Lenovo has released security updates addressing vulnerabilities related to Unified Extensible Firmware Interface (UEFI) firmware drivers in its products.
While the three vulnerabilities impact more than one hundred Lenovo laptop models, it’s important to note that Lenovo considers the severity of the flaws to be medium, and that in order to exploit the flaws an attacker would need existing elevated privileges. Researchers with ESET first reported the flaws to Lenovo in October 2021, and the update release date was this week.
“UEFI threats can be extremely stealthy and dangerous,” said ESET researchers on Tuesday, while urging Lenovo customers to update their firmware. “They are executed early in the boot process, before transferring control to the operating system, which means that they can bypass almost all security measures and mitigations higher in the stack that could prevent their OS payloads from being executed.”
Two of the vulnerabilities affect UEFI firmware drivers that were originally meant to be used only during the manufacturing process of Lenovo notebooks. UEFI, which is technology that’s embedded in chips of modern devices, links the firmware to the operating system. Researchers said that these drivers were accidentally included in the production BIOS images, without being properly deactivated. Attackers, with existing elevated privileges, could leverage these firmware drivers to disable security measures like SPI flash protections (CVE-2021-3971) or UEFI Secure Boot (CVE-2021-3972), a feature that guarantees that only verified third-party firmware code can run in the Original Equipment Manufacturer (OEM) firmware environment. This could allow them to deploy different UEFI level implants, said researchers. The third flaw, CVE-2021-3970, is caused by an improper input validation in the System Management Interrupt (SMI) handler function. If exploited by attackers with local access and elevated privileges, this vulnerability could allow them to execute arbitrary code.

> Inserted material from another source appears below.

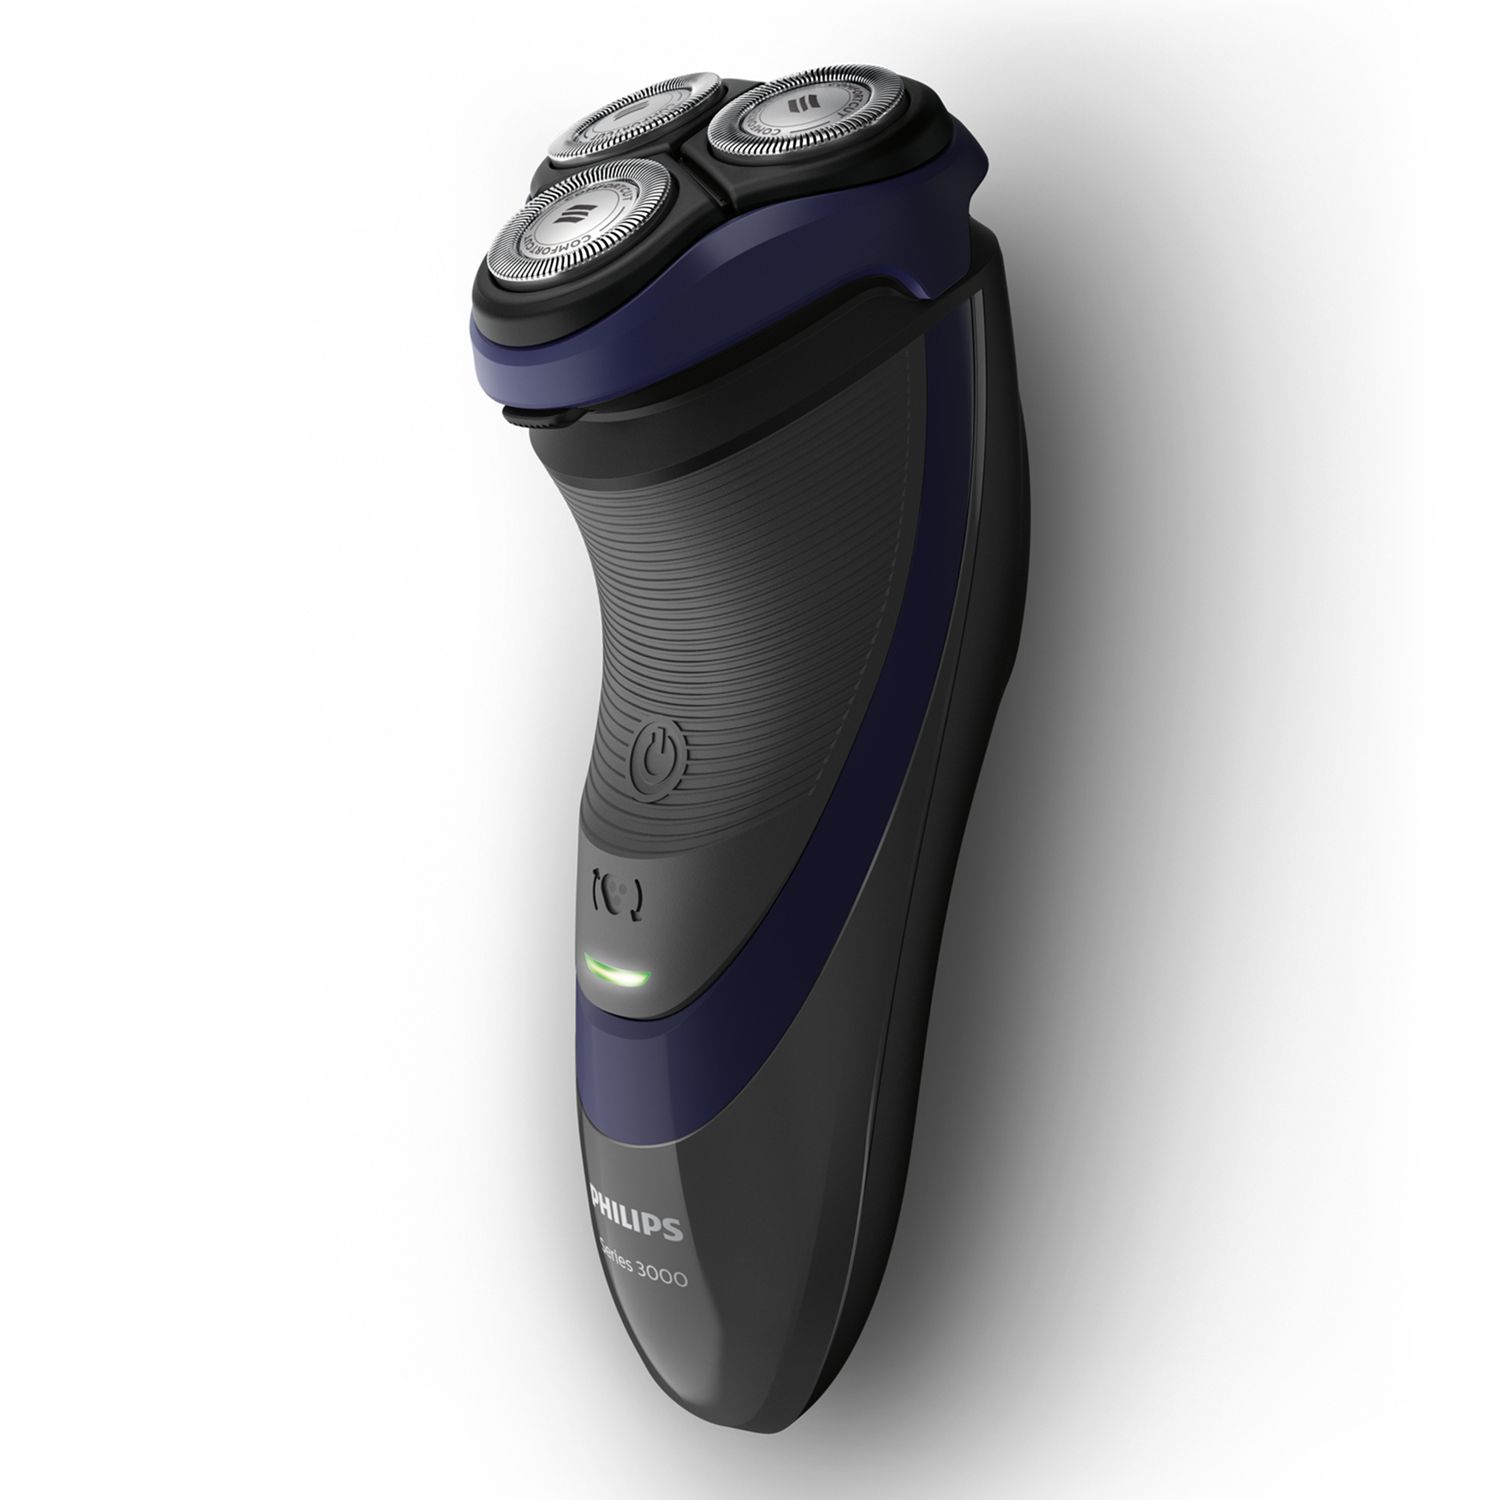 Image result for Philips Series 3000 Dry Electric Shaver (S3120/06)

“This vulnerability can be exploited from a privileged kernel-mode process by triggering the software SMI interrupt and passing a physical address of a specially crafted buffer as a parameter to the vulnerable SW SMI handler,” said ESET researchers.
UEFI implants have gained traction over the past few years and are difficult to detect and remove. Previously uncovered implants like the FinSpy surveillance toolset and the ESPectre bootkit have leveraged EFI System Partition (ESP), which is storage space designated for some UEFI components that is generally based in the computer’s hard drive or SSD, while other implants like MoonBounce have leveraged the Serial Peripheral Interface (SPI) flash, which is a storage and data transfer component external to the hard drive.
"Even though vulnerabilities aren’t the only option for turning off or bypassing firmware security mitigations, there are many such vulnerabilities and due to the number of different firmware implementations and their complexity, many more are likely just waiting to be discovered," said ESET researchers.